Однако ведь уже есть решение Молотова о закупке оборудования и создании условий для глубокого замораживания тела Ленина в соответствии с предложениями Красина! Более того, работы в Сенатской башне уже начались.
Вот тогда-то и возник совершенно необычный план у Збарского, который он блестяще осуществил.
Перед самым отъездом Воробьева в Харьков 12 марта Збарский уговаривает его написать письмо Збарскому, задним числом, под его диктовку. Збарский объясняет нерешительному Воробьеву: такое письмо позволит сделать предложение «от нашего общего имени», конечно, оговорив, что это будет только попытка. «Кроме того, – вспоминает Збарский, – я ему обещал, что я договорюсь, в случае если это дело будет поручено, что оно будет сохранено в полной тайне. Таким образом, как будто бы большого риска нет, а главное, нет опасности, что нас “затюкают”, чего особенно боялся Воробьев».
Вот основные выдержки из текста этого необычного письма:
«Москва, 11 марта
Дорогой Борис Ильич!
Теперь я уезжаю с убеждением – волынка будет тянуться дальше, что решительных мер принято не будет и что все дело скоро окончится, так как лицо уже теперь землистое, скоро почернеет, а там и высохнет, что показывать покойника публике будет невозможно. Если будете в комиссии, продолжайте настаивать на методе обработки жидкостями».А уж чтобы окончательно выбить почву из-под Красина, Збарский диктует фразу:
«Кстати сказать, против замораживания, основываясь на литературных данных, абсолютно все члены комиссии».
«Нечего и говорить, – вспоминает Збарский, – с каким трудом он (Воробьев) вымучивал каждую фразу этого письма, боясь, чтобы я это не мог использовать как его определенное предложение взять на себя эту работу». Збарский тотчас забрал письмо из рук Воробьева, боясь, что он может еще передумать, и тут же убедил написать второе письмо на имя Красина. Это письмо звучит несколько иначе: «…при всех условиях, даже при последующем замораживании, необходимо погружение тела в жидкости для пропитывания, так как это единственный способ, в комбинации с инъекциями и другими манипуляциями, который остановит процесс».

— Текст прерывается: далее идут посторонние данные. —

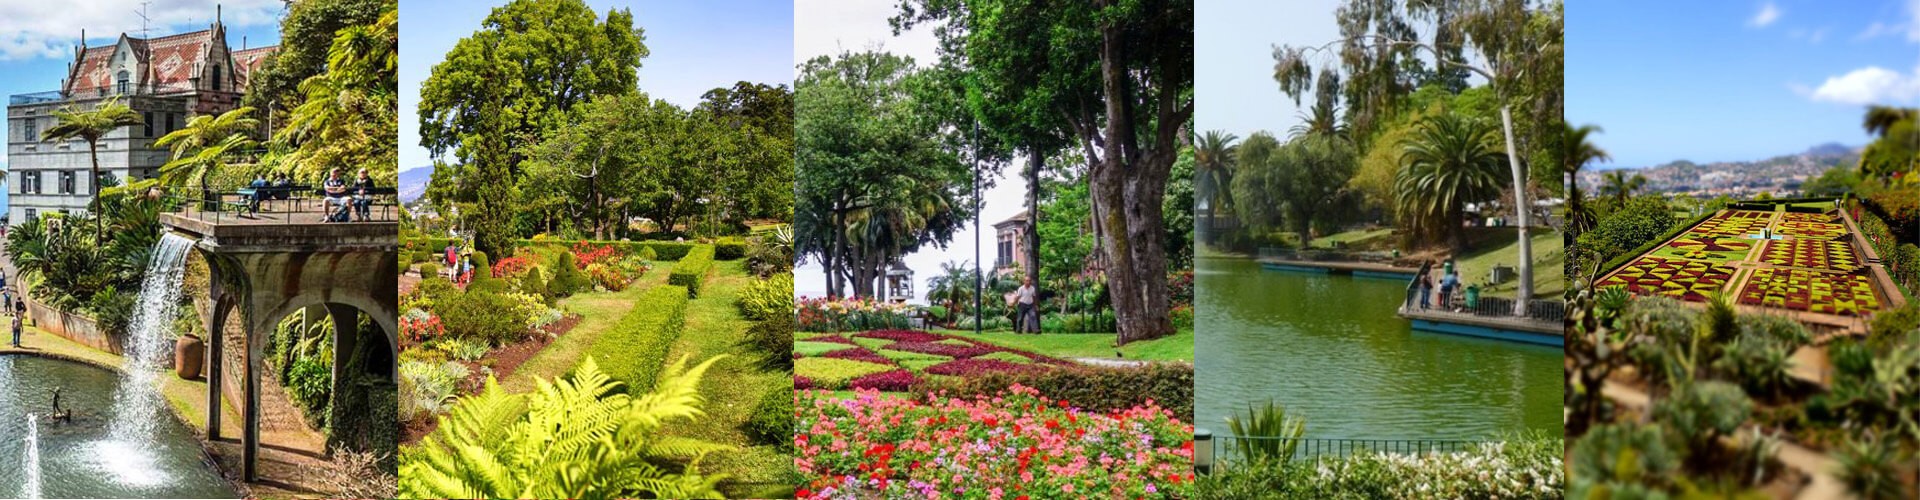 5 Gardens You Must Visit in Funchal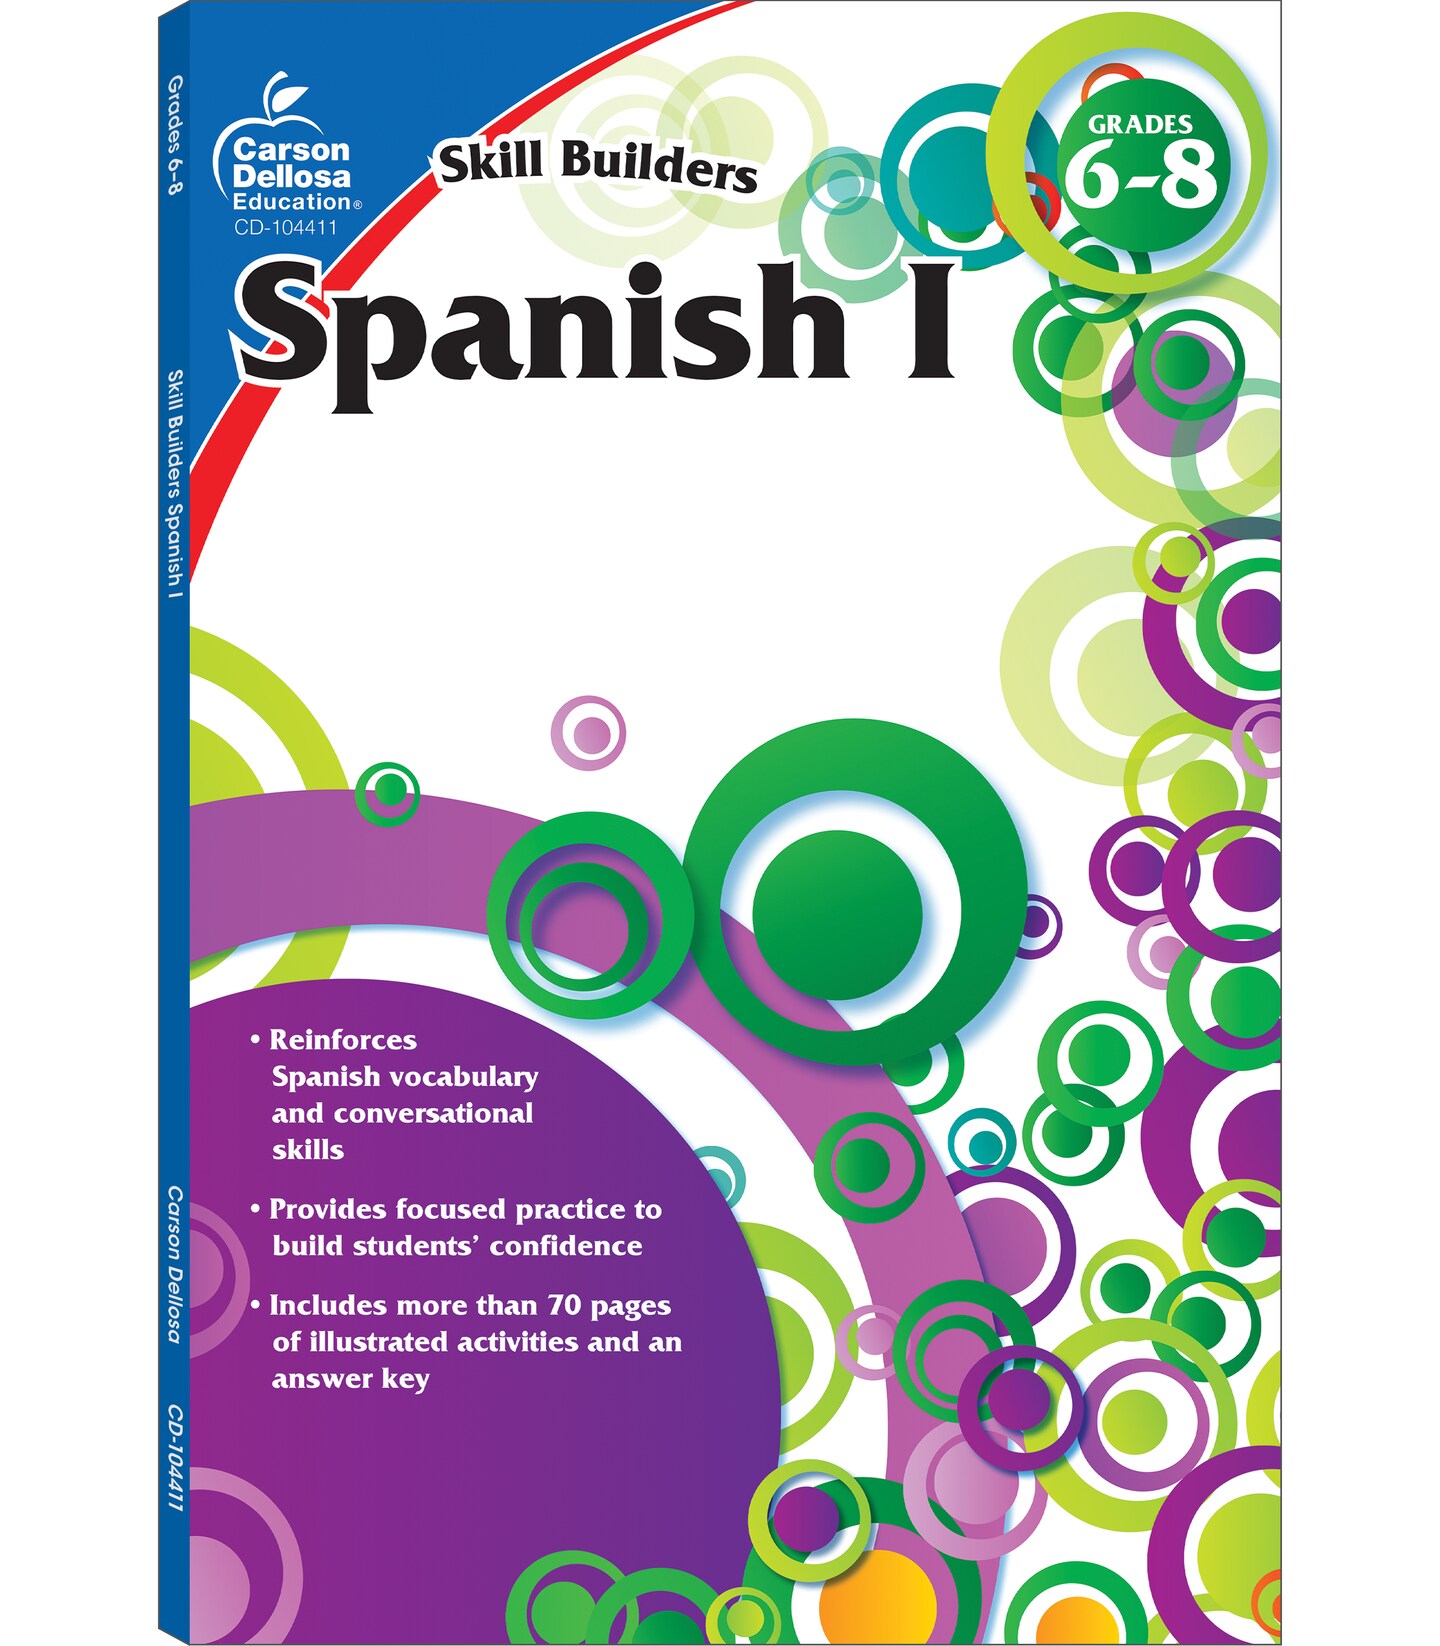 Carson Dellosa Skill Builders Spanish Workbook for Kids Grades 6-8, Spanish Vocabulary Builder for Kids Ages 11-14, 6th, 7th, and 8th Grade Spanish Workbook, Learn Spanish Phrases, Questions &#x26; More

На следующий день, 13 марта, Збарский передал письмо Воробьева в секретариат Красина. Сам же он решил сыграть ва-банк, обратившись лично к Дзержинскому, который должен выступить в роли козырного туза. Вечером 13 марта Збарский отправился на квартиру к П. А. Богданову (председателю ВСНХ РСФСР, который хорошо знал Збарского по работе института биохимии) и обратился с просьбой устроить ему аудиенцию у Дзержинского, занимавшего в это время пост председателя ВСНХ СССР. Богданов тотчас позвонил Дзержинскому, и тот, будучи больным ангиной, назначил Збарскому свидание в субботу, 14 марта, у себя на квартире в Кремле в 10 часов утра.